Although there's a good chance this trial resumes, the delay and shift in treatment regimen will very likely throw a wrench into Juno Therapeutics' plans to win early approval of JCAR015 in 2017. Previously, Juno Therapeutics had hoped to present interim results of JCAR015's phase 2 trial early next year, allowing for an FDA decision prior to 2018. Now, management believes that the soonest an approval could be won for JCAR015 is in 2018. 

That's potentially good news for Kite Pharma(NASDAQ: KITE) investors. Until now, Juno Therapeutics and Kite Pharma were in a foot race to get their competing CAR-Ts to market next year. Given that Kite Pharma's timeline remains intact, Juno Therapeutics' stumble could give Kite Pharma a big first-mover advantage.

Although no patient deaths in KTE-C19's trials have been reportedly caused by KTE-C19, there was one patient death reported last August.

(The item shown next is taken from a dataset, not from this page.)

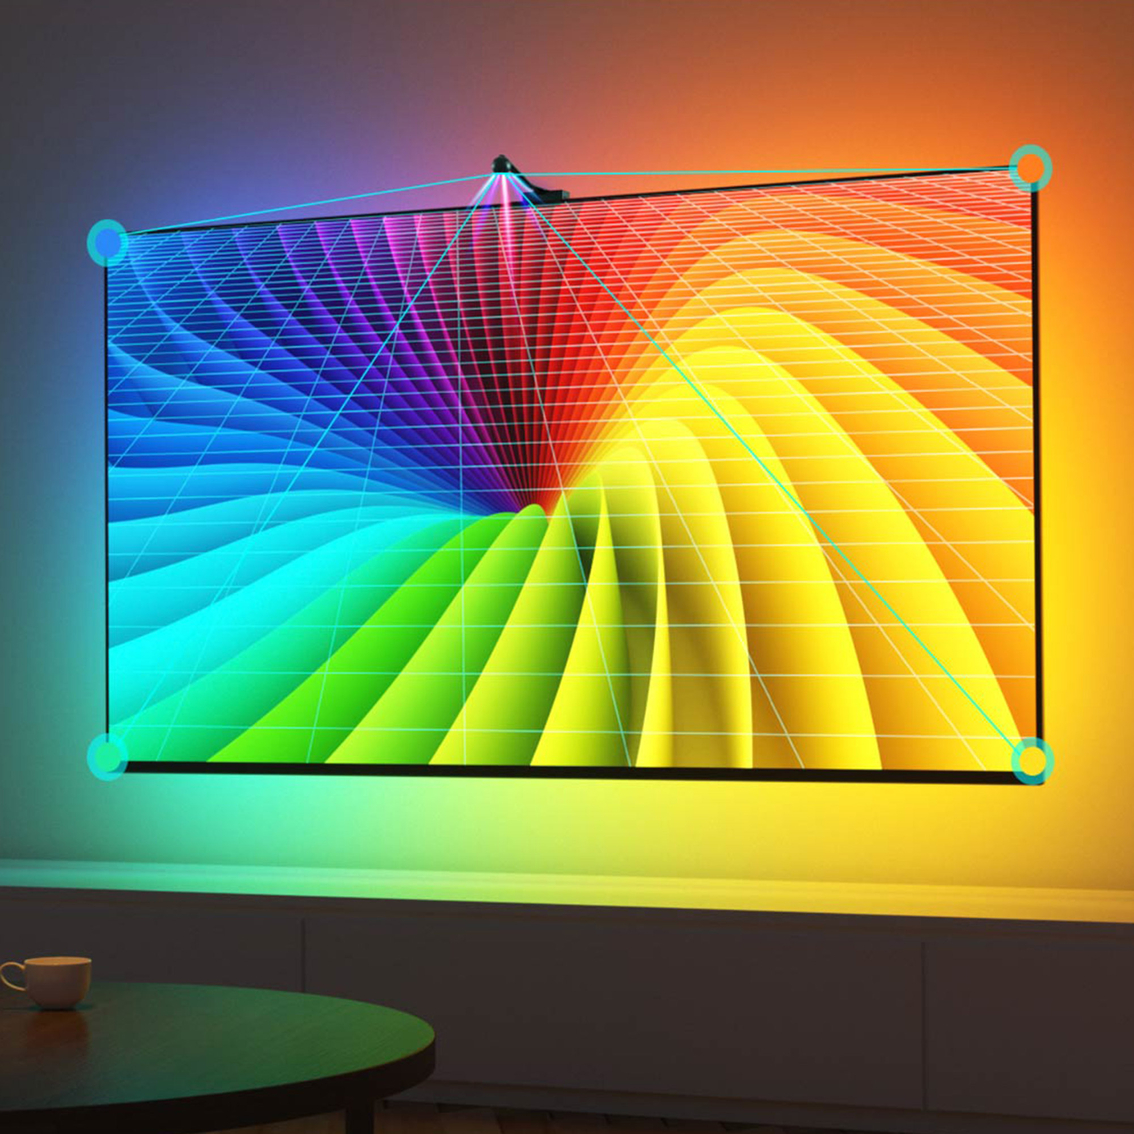 Govee DreamView T1 TV Backlight - Image 4 of 9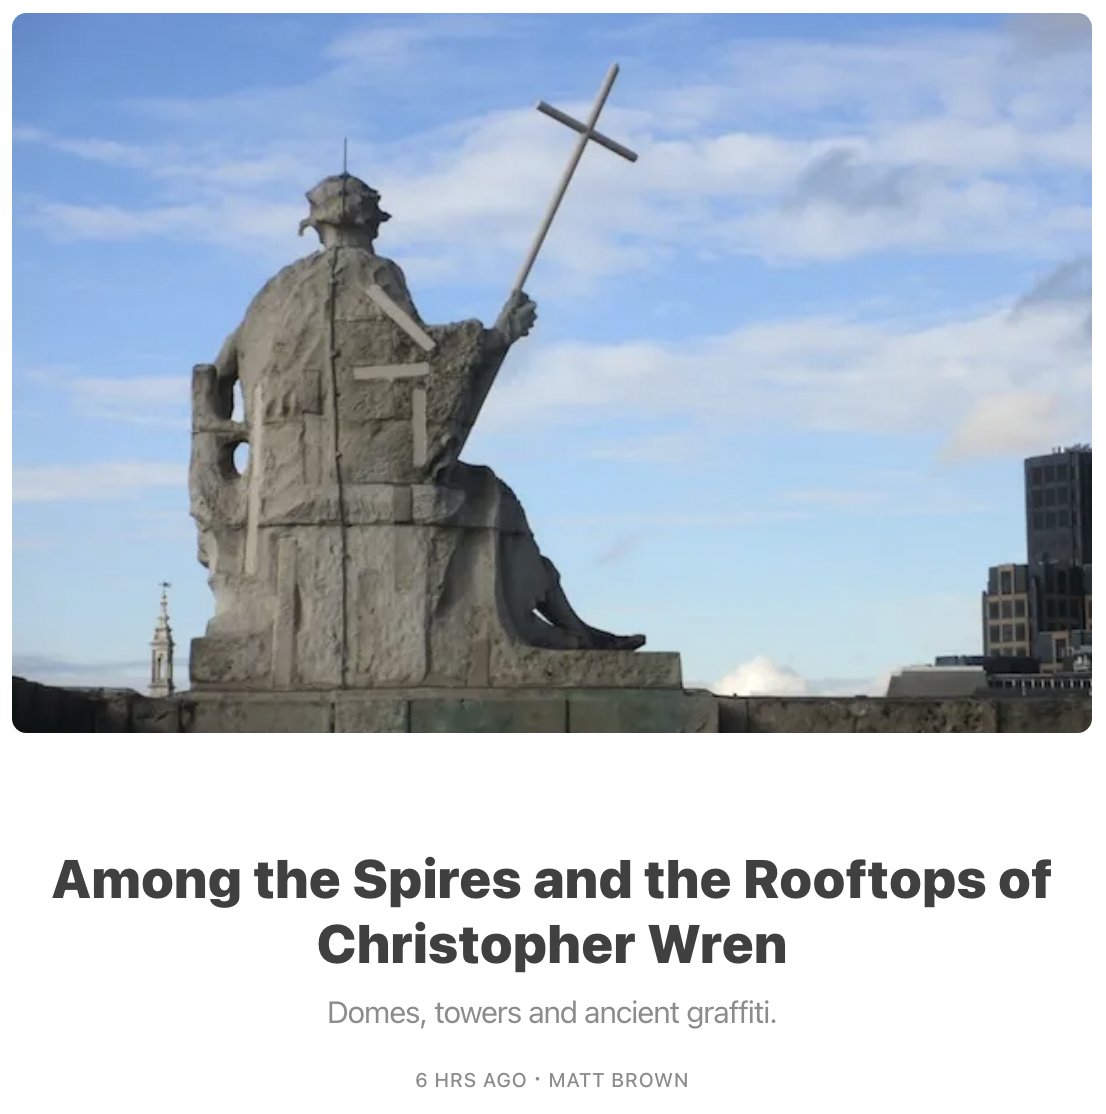 I've been on a few rooftops in my time. In this week's Londonist: Time Machine, I look at some of the hidden details on top of 5 famous Christopher Wren buildings londonist.substack.com/p/among-the-sp…

A review determined the death wasn't caused by KTE-C19, and the trial continued as planned. However, KTE-C19's trial also includes fludarabine as part of a patient pre-conditioning protocol, and neurotoxicity has been pretty commonly observed in trials -- but it's been "generally reversible."

While CAR-T therapy may eventually revolutionize how doctors treat relapsing and recurring B-cell cancers, Juno Therapeutics' news raises the risk associated with owning CAR-T stocks. If Juno Therapeutics is right, that the deaths are due to fludarabine, then investors will need to adjust their models to allow for delayed commercialization. That's not a good thing.

Further, if Juno Therapeutics' is right about fludarabine, it casts a shadow over Kite Pharma's trial, too. As a result, Kite Pharma is also a risky stock to buy.